**** Entries shown ****
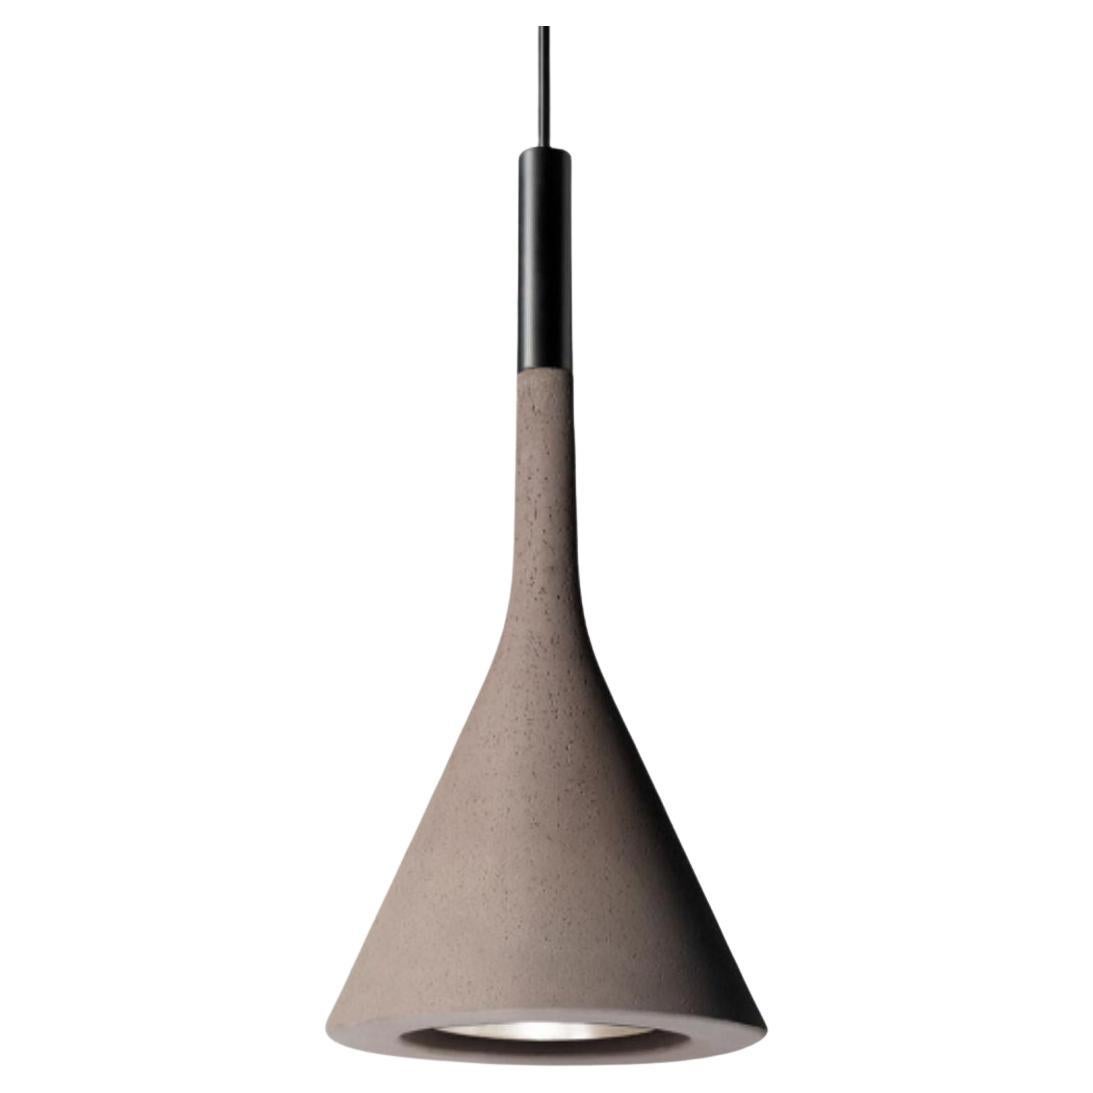 Lucidi & Pevere ‘Aplomb’ Concrete Pendant Lamp in Maroon for Foscarini
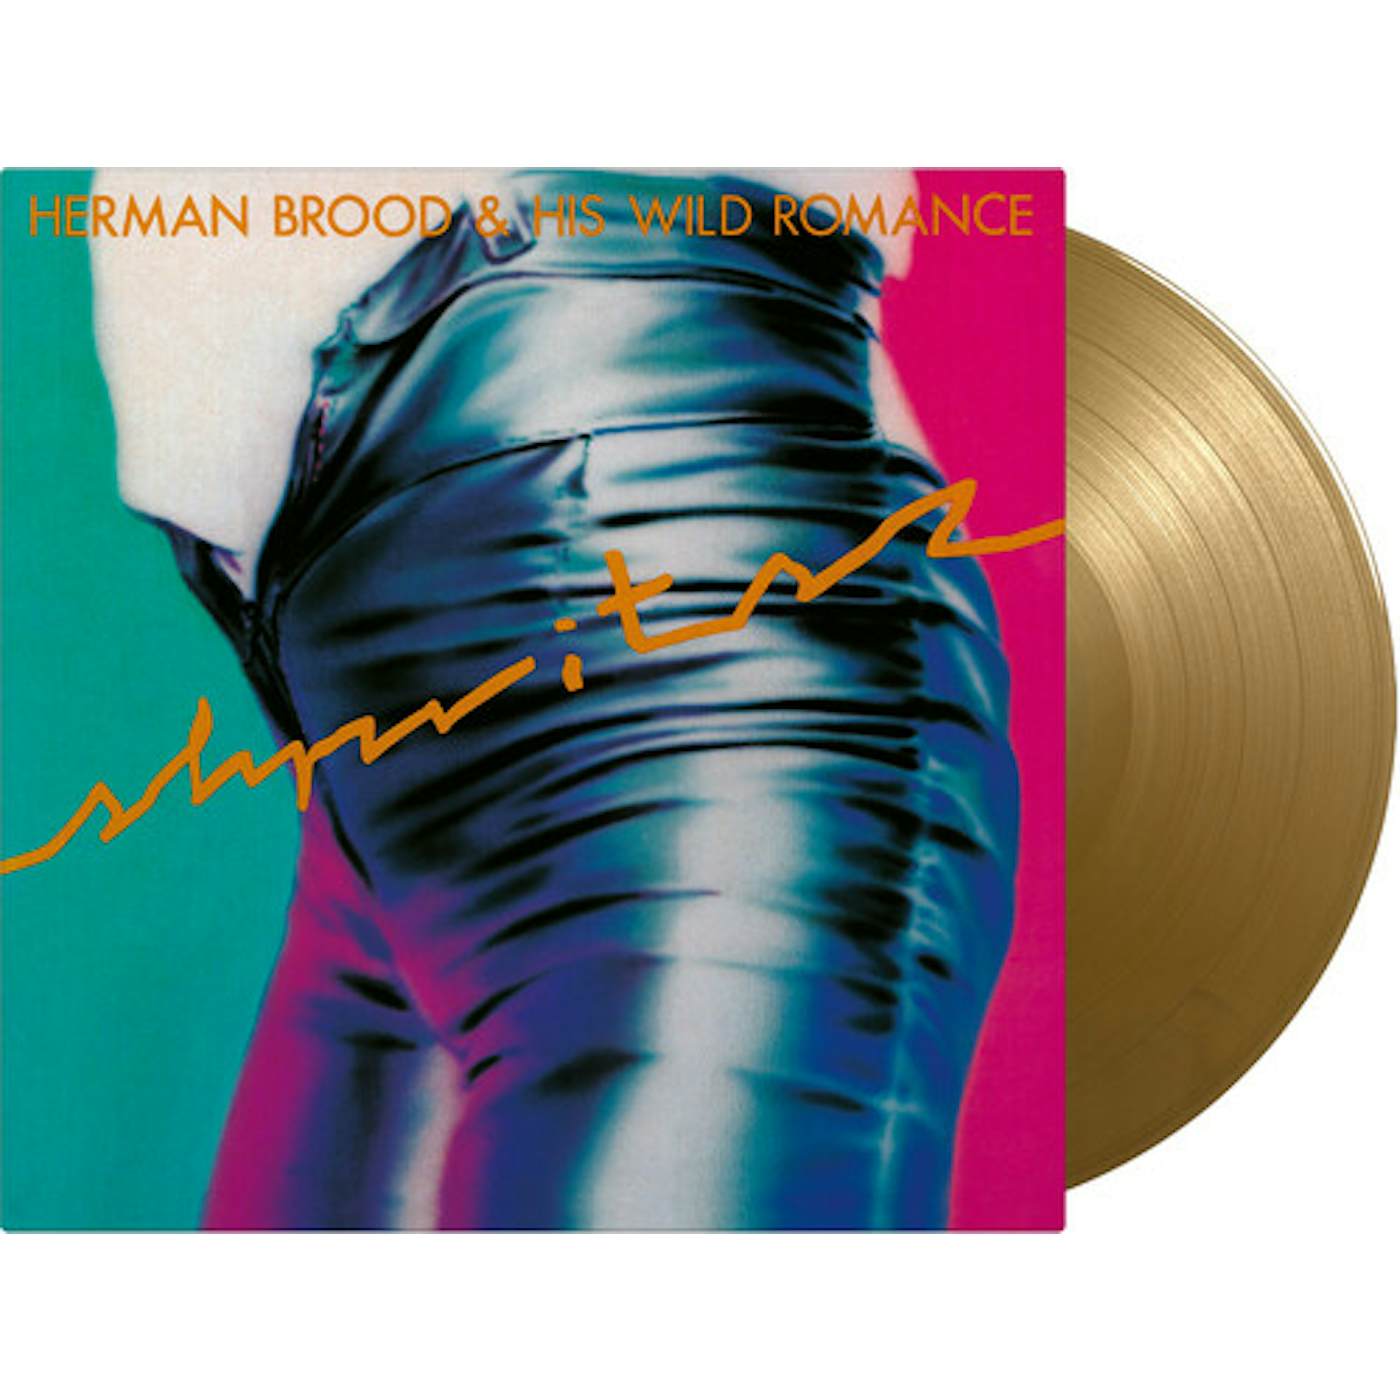 Herman Brood SHPRITSZ Vinyl Record
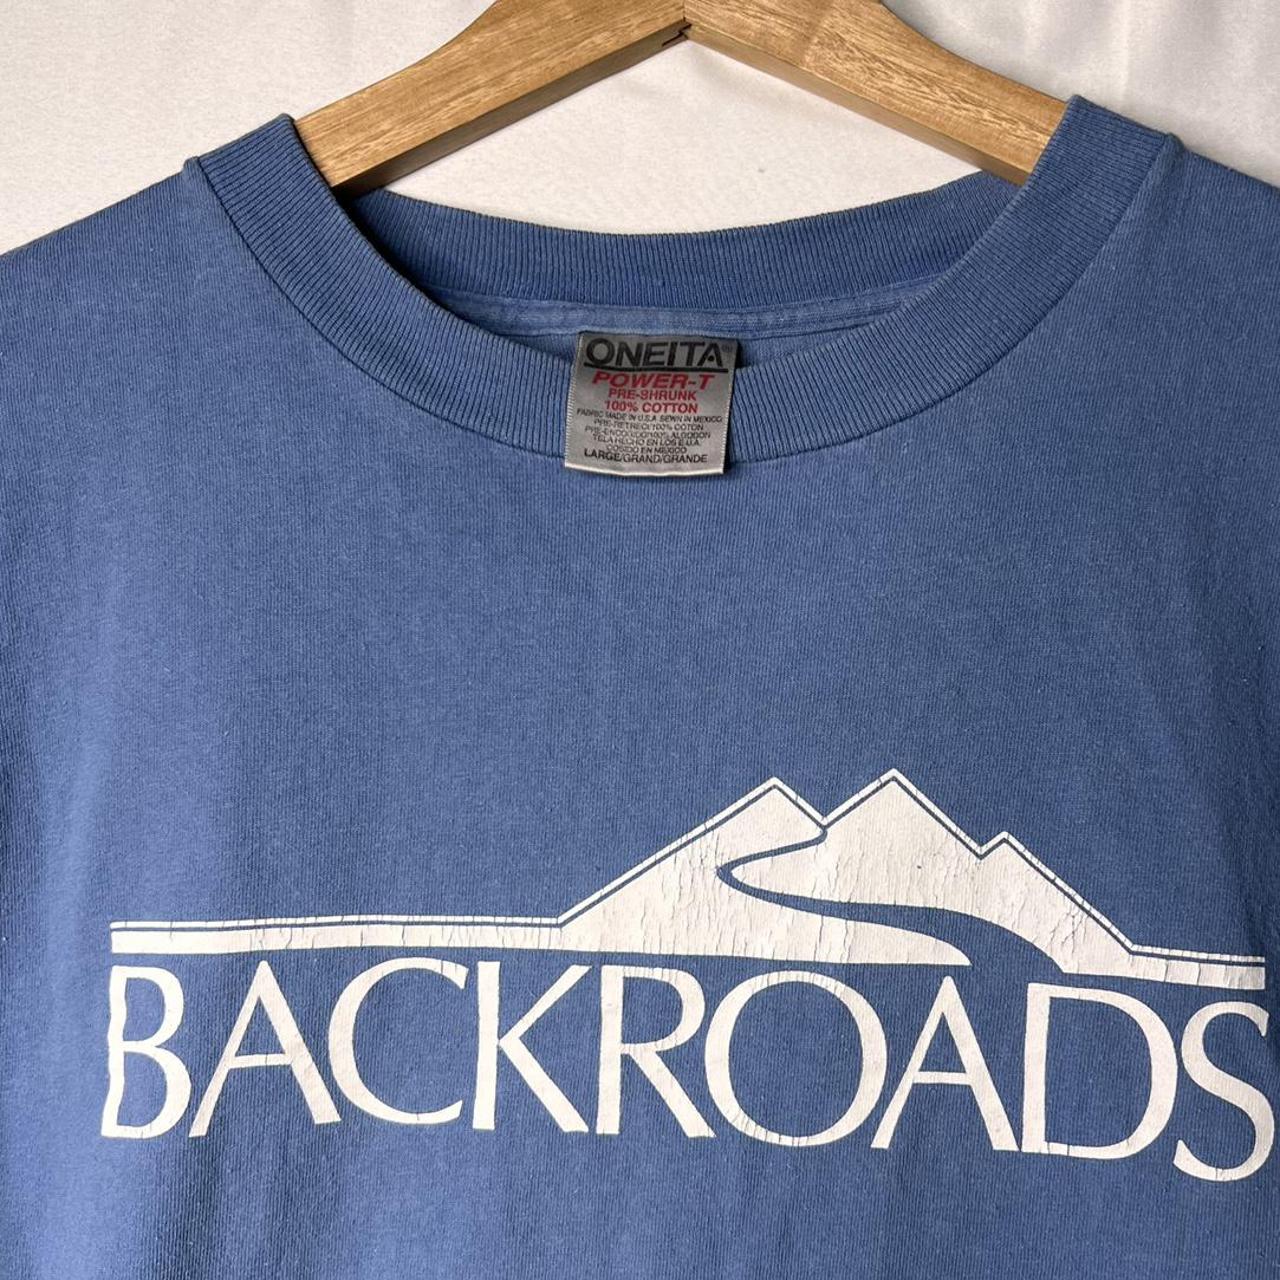 Product Image 4 - Vintage 90s “Backroads” Graphic T-Shirt

Size
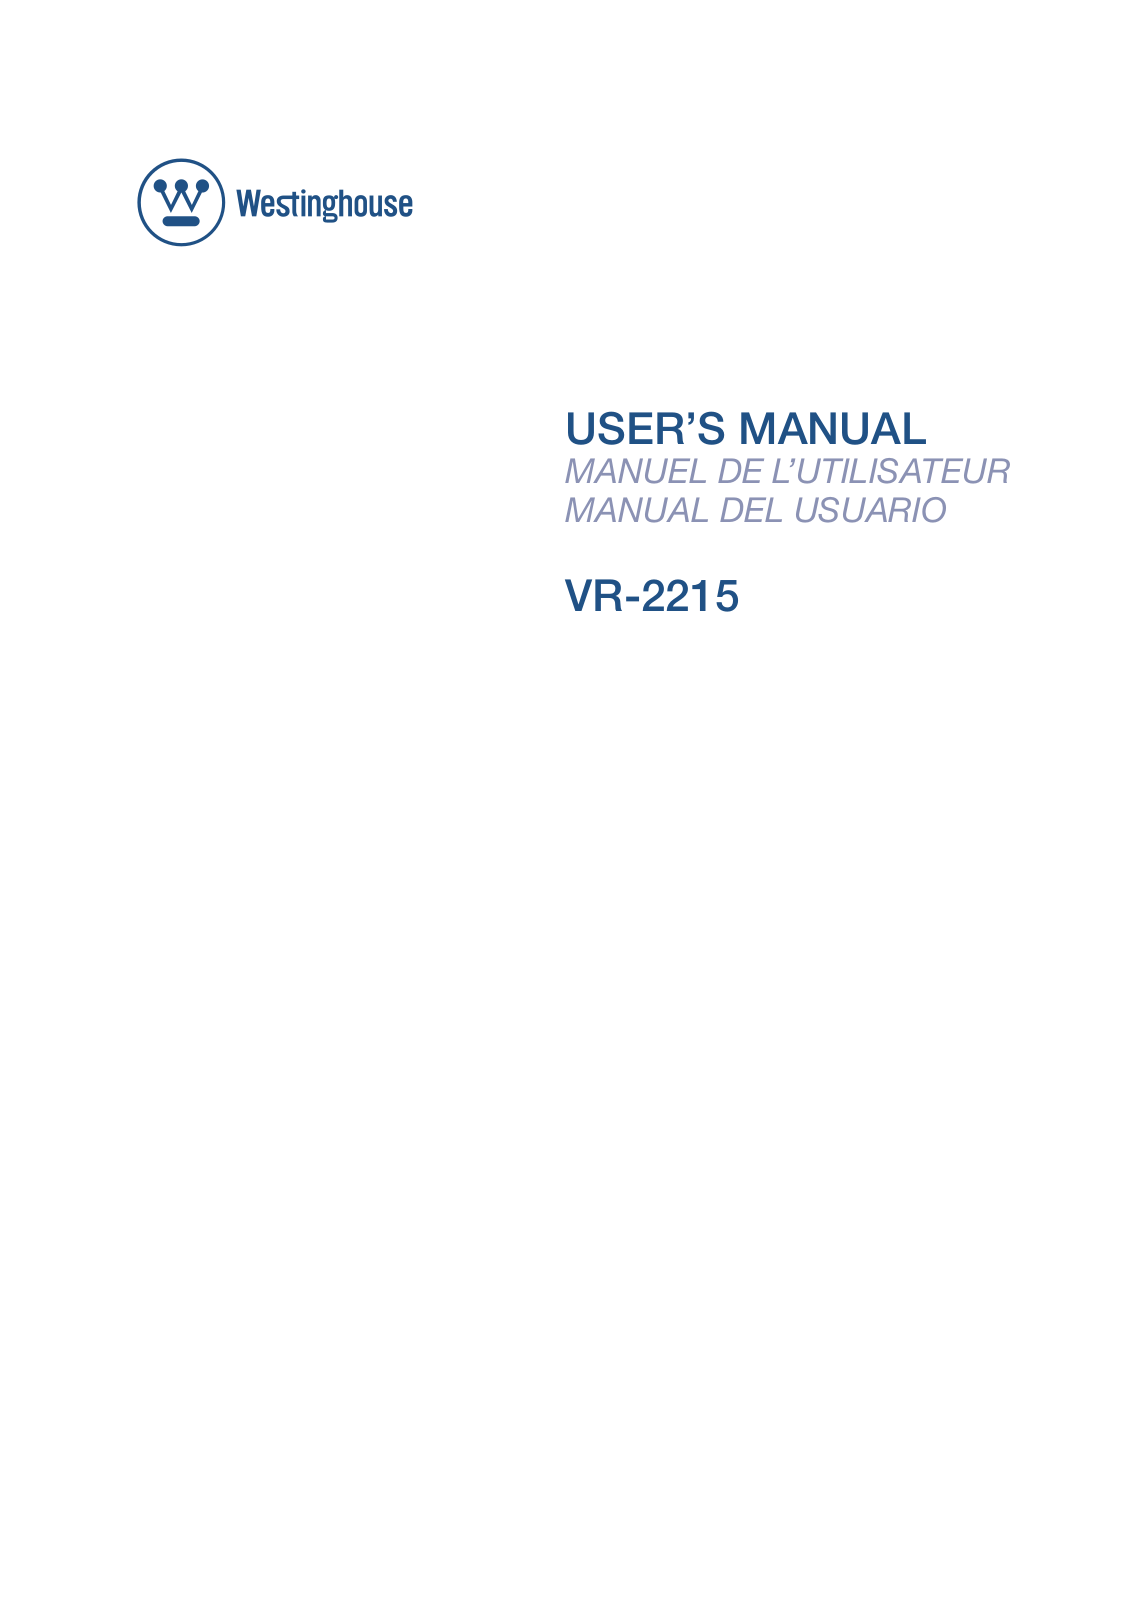 Westinghouse Digital VR-2215 User Manual
****
> **What the exercise asks**:
Give the lines of the entries above exactly as they appear, leaving out each picture.

> **Problem solution**:
 Lucidi & Pevere ‘Aplomb’ Concrete Pendant Lamp in Maroon for Foscarini
 Herman Brood SHPRITSZ Vinyl Record
 Product Image 4 - Vintage 90s “Backroads” Graphic T-Shirt

Size
 Westinghouse Digital VR-2215 User Manual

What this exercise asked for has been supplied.